What you should do. Count how many lines in the entries below hold "Ceramic". Only the number belongs in the answer.

Information given: Begin

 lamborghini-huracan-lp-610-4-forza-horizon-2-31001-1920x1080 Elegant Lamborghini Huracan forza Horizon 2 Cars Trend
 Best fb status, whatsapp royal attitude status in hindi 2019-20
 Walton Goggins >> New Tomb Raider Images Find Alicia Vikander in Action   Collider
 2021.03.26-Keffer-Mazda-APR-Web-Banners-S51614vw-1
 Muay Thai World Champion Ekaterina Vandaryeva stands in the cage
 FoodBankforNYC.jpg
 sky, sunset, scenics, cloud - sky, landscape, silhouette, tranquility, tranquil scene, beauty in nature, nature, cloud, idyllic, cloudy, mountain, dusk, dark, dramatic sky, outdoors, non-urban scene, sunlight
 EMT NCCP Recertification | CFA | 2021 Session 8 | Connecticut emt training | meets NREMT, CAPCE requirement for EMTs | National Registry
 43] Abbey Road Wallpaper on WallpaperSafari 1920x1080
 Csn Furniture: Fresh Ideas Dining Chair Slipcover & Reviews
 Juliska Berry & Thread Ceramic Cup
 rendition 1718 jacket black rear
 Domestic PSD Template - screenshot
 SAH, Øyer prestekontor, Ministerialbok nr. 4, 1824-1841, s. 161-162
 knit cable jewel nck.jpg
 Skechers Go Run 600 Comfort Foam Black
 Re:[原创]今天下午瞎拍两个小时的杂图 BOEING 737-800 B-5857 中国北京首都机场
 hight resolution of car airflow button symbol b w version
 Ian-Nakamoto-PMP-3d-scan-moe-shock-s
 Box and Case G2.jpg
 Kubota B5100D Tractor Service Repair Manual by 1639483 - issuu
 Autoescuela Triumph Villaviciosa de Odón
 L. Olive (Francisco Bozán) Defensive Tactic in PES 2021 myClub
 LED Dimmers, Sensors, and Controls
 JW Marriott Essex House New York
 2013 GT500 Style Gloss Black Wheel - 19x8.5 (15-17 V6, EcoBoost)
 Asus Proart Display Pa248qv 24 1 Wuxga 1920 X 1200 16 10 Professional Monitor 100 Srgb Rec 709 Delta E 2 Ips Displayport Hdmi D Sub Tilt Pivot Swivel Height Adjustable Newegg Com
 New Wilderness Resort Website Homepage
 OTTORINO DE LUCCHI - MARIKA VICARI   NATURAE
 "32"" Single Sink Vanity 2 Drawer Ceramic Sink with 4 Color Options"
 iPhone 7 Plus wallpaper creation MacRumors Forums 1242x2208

Information given: End

Your response. 2